On namespace containers start launches a traditional Linux container process in its own set of namespaces. With Clear Containers, the main task of cc-oci-runtime is to create and start a container within the pod that got created during the create step. In practice, this means cc-oci-runtime follows these steps:

  1. cc-oci-runtime connects to cc-proxy and sends it the attach command to let it know which pod we want to use to create and start the new container.
  2. cc-oci-runtime sends a hyperstart NEWCONTAINER command to create and start a new container in a given pod. The command is sent to cc-proxy who forwards it to the right hyperstart instance running in the appropriate guest.
  3. cc-oci-runtime resumes cc-shim so that it can now connect to the cc-proxy and acts as a signal and I/O streams proxy between containerd-shim and cc-proxy.

exec

docker exec allows one to run an additional command within an already running container. With Clear Containers, this translates into sending a EXECCMD command to hyperstart so that it runs a command into a running container belonging to a certain pod. All I/O streams from the executed command will be passed back to Docker through a newly created cc-shim.

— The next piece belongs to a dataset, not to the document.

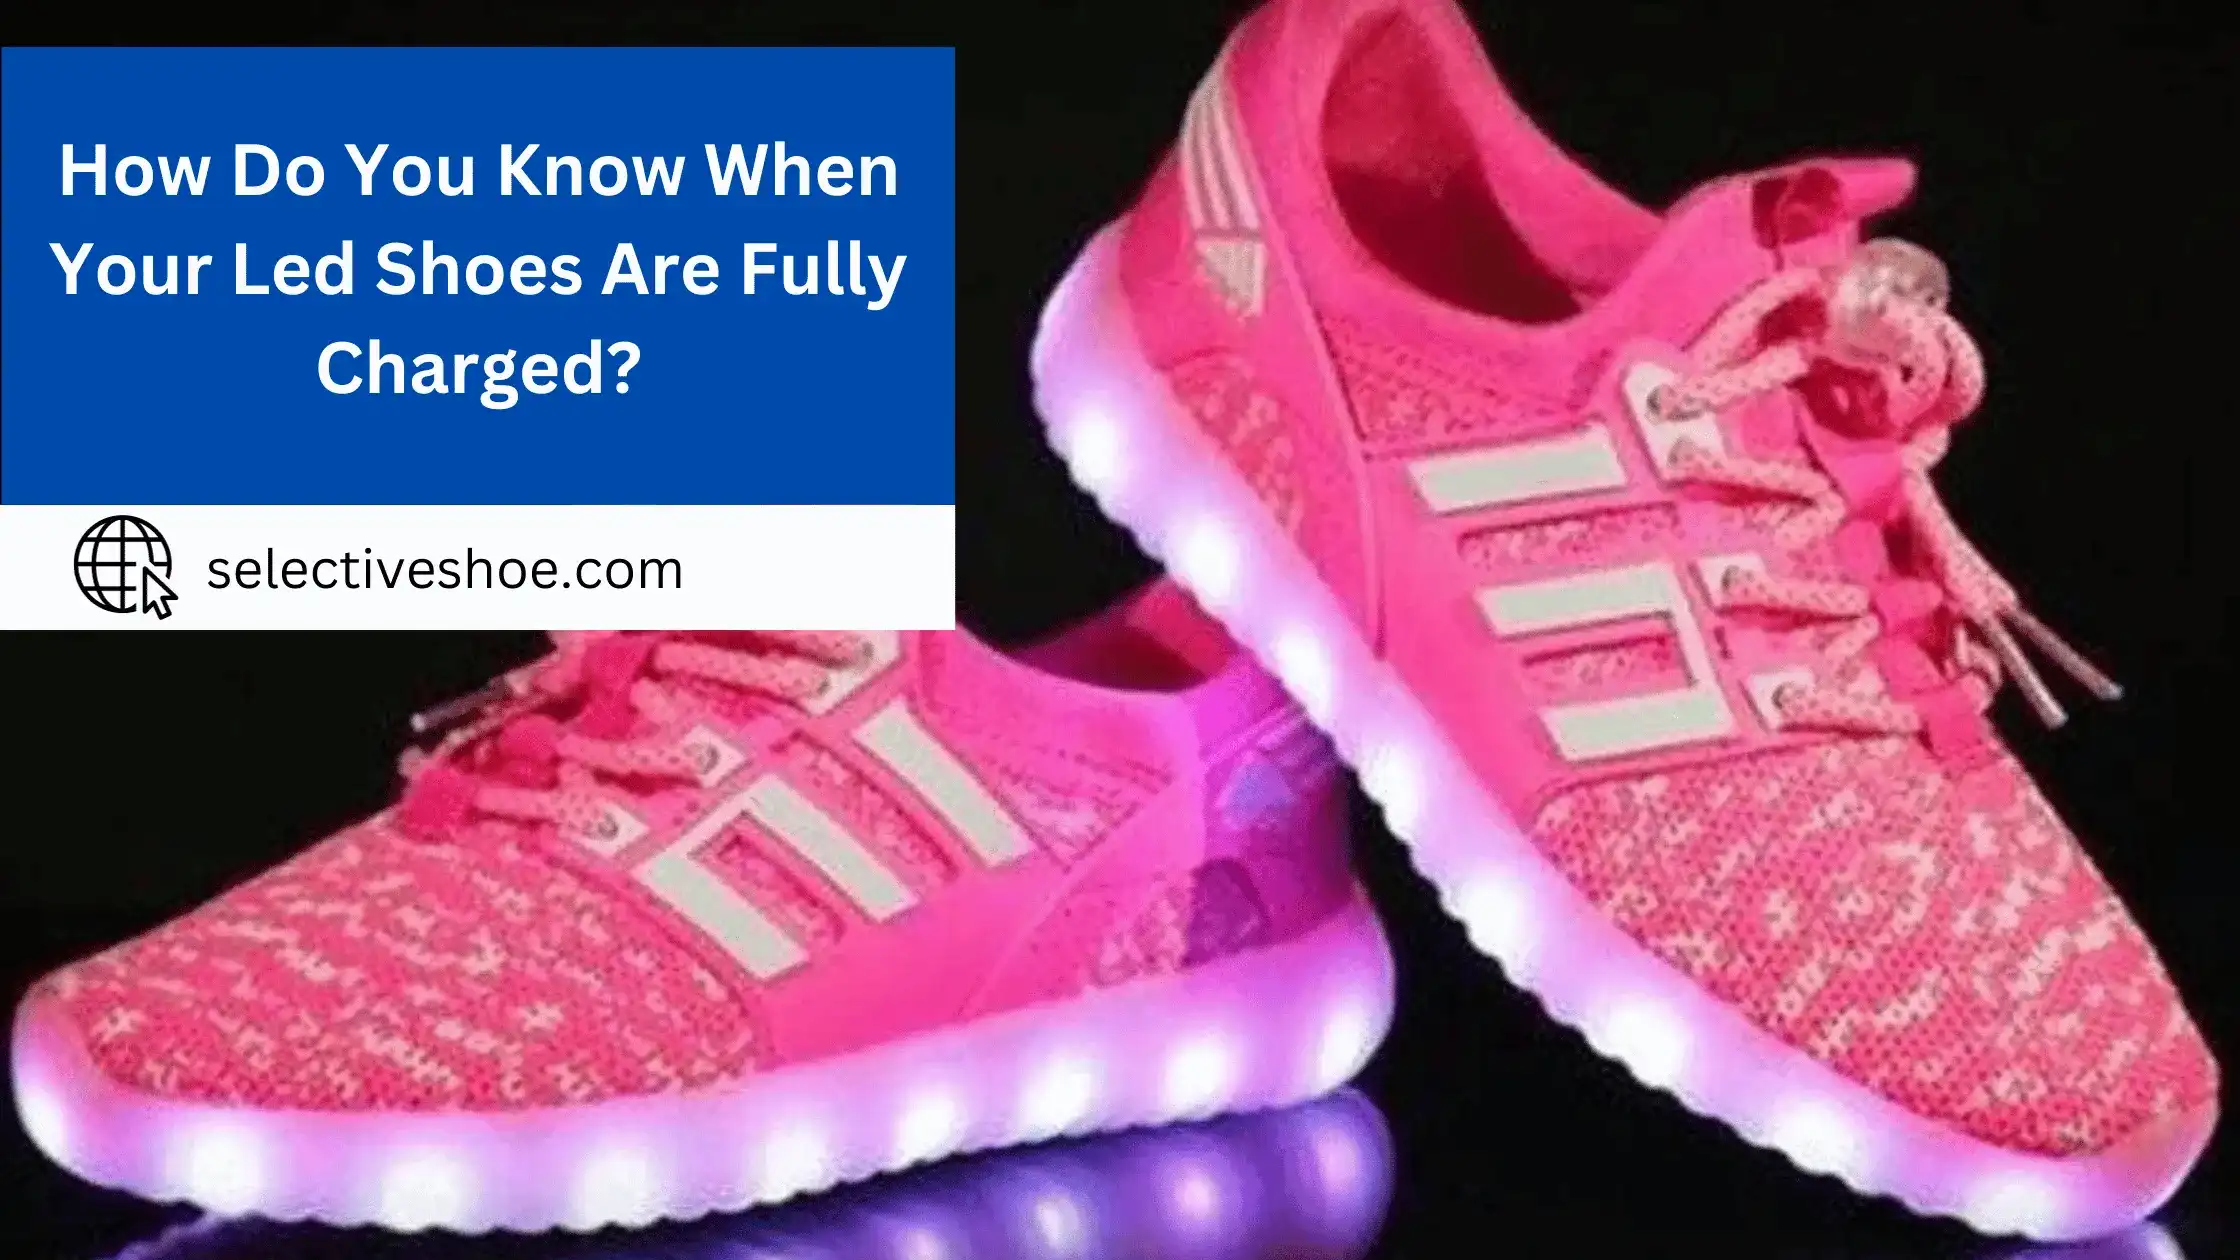 How Do You Know When Your Led Shoes Are Fully Charged?

The exec code path is partly similar to the create one and cc-oci-runtime goes through the following steps:

  1. cc-oci-runtime connects to cc-proxy and sends it the attach command to let it know which pod we want to use to run the exec command.
  2. cc-oci-runtime sends the allocateIO command to the proxy, for getting the hyperstart I/O sequence numbers for the exec command I/O streams.
  3. cc-oci-runtime sends an hyperstart EXECMD command to start the command in the right container The command is sent to cc-proxy who forwards it to the right hyperstart instance running in the appropriate guest.
  4. Spawn the cc-shim process for it to forward the output streams (stderr and stdout) and the exec command exit code to Docker.

Now the exec‘ed process is running in the virtual machine, sharing the UTS, PID, mount and IPC namespaces with the container’s init process.

kill

When sending the OCI kill command, container runtimes should send a UNIX signal to the container process. In the Clear Containers context, this means cc-oci-runtime needs a way to send a signal to the container process within the virtual machine. As cc-shim is responsible for forwarding signals to its associated running containers, cc-oci-runtime naturally calls kill on the cc-shim PID.

However, cc-shim is not able to trap SIGKILL and SIGSTOP and thus cc-oci-runtime needs to follow a different code path for those 2 signals. Instead of kill‘ing the cc-shim PID, it will go through the following steps:

  1. cc-oci-runtime connects to cc-proxy and sends it the attach command to let it know on which pod the container it is trying to kill is running.
  2. cc-oci-runtime sends an hyperstart KILLCONTAINER command to kill the container running on the guest. The command is sent to cc-proxy who forwards it to the right hyperstart instance running in the appropriate guest.

delete

docker delete is about deleting all resources held by a stopped/killed container. Running containers can not be deleted unless the OCI runtime is explictly being asked to. In that case it will first kill the container and only then delete it.

The resources held by a Clear Container are quite different from the ones held by a host namespace container e.g. run by runc. cc-oci-runtime needs mostly to delete the pod holding the stopped container on the virtual machine, shut the hypervisor down and finally delete all related proxy resources:

  1. cc-oci-runtime connects to cc-proxy and sends it the attach command to let it know on which pod the container it is trying to to delete is running.
  2. cc-oci-runtime sends an hyperstart DESTROYPOD command to destroy the pod holding the container running on the guest. The command is sent to cc-proxy who forwards it to the right hyperstart instance running in the appropriate guest.
  3. After deleting the last running pod, hyperstart will gracefully shut the virtual machine down.
  4. cc-oci-runtime sends the BYE command to cc-proxy, to let it know that a given virtual machine is shut down. cc-proxy will then clean all its internal resources associated with this VM.